Objective: Recent advances in large language models (LLM) offer opportunities to automate health coaching. With zero-shot learning ability, LLMs could revolutionize health coaching by providing better accessibility, scalability, and customization. The aim of this study is to compare the quality of responses to clients' sleep-related questions provided by health coaches and an LLM.

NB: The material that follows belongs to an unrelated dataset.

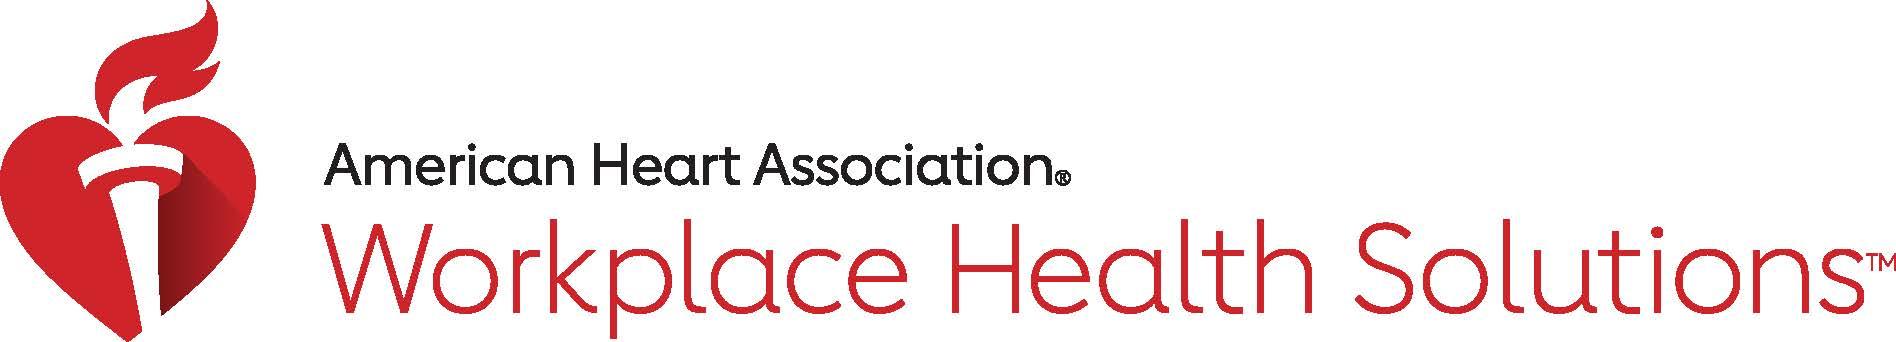 AHA Workplace Health Solutions Logo

Design, setting, and participants: From a de-identified dataset of coaching conversations from a pilot randomized controlled trial, we extracted 100 question-answer pairs comprising client questions and corresponding health coach responses. These questions were entered into a retrieval-augmented generation (RAG)-enabled open-source LLM (LLaMa-2-7b-chat) to generate LLM responses. Out of 100 question-answer pairs, 90 were taken out and assigned to three groups of evaluators: experts, lay-users, and GPT-4. Each group conducted two evaluation tasks: (Task 1) a single-response quality assessment spanning five criteria-accuracy, readability, helpfulness, empathy, and likelihood of harm-rated on a five-point Likert scale, and (Task 2) a pairwise comparison to choose the superior response between pairs. A suite of inferential statistical methods, including the paired and independent sample t-tests, Pearson correlation, and chi-square tests, were utilized to answer the study objective. Recognizing potential biases in human judgment, the remaining 10 question-answer pairs were used to assess inter-evaluator reliability among the human evaluators, quantified using the interclass correlation coefficient and percentage agreement metrics.
Results: Upon exclusion of incomplete data, the analysis included 178 single-response evaluations (Task 1) and 83 pairwise comparisons (Task 2). Expert and GPT-4 assessments revealed no discernible disparities in health coach and LLM responses across the five metrics. Contrarily, lay-users deemed LLM responses significantly more helpful than that of human coaches (p < 0.05). LLM responses were preferred in the majority (62.25 %, n = 155) of the aggregate 249 assessments, with all three evaluator groups favoring LLM over health coach inputs. While GPT-4 rated both health coach and LLM responses significantly higher than experts in terms of readability, helpfulness, and empathy, its ratings on accuracy and likelihood of harm aligned with those of experts. Response length positively correlated with accuracy and empathy scores, but negatively affected readability across all evaluator groups. Expert and lay-user evaluators demonstrated moderate to high inter-evaluator reliability.
Conclusion: Our study showed encouraging findings by demonstrating that RAG-enabled LLM has comparable performance to health coaches in the domain tested. Serving as an initial step towards the creation of more sophisticated, adaptive, round-the-clock automated health coaching systems, our findings call for more extensive evaluation which could assist in the development of the model that could in the future lead to potential clinical implementation.
Keywords: AI health coaching; Human evaluation; Q/A system; Retrieval-augmented generation; Sleep.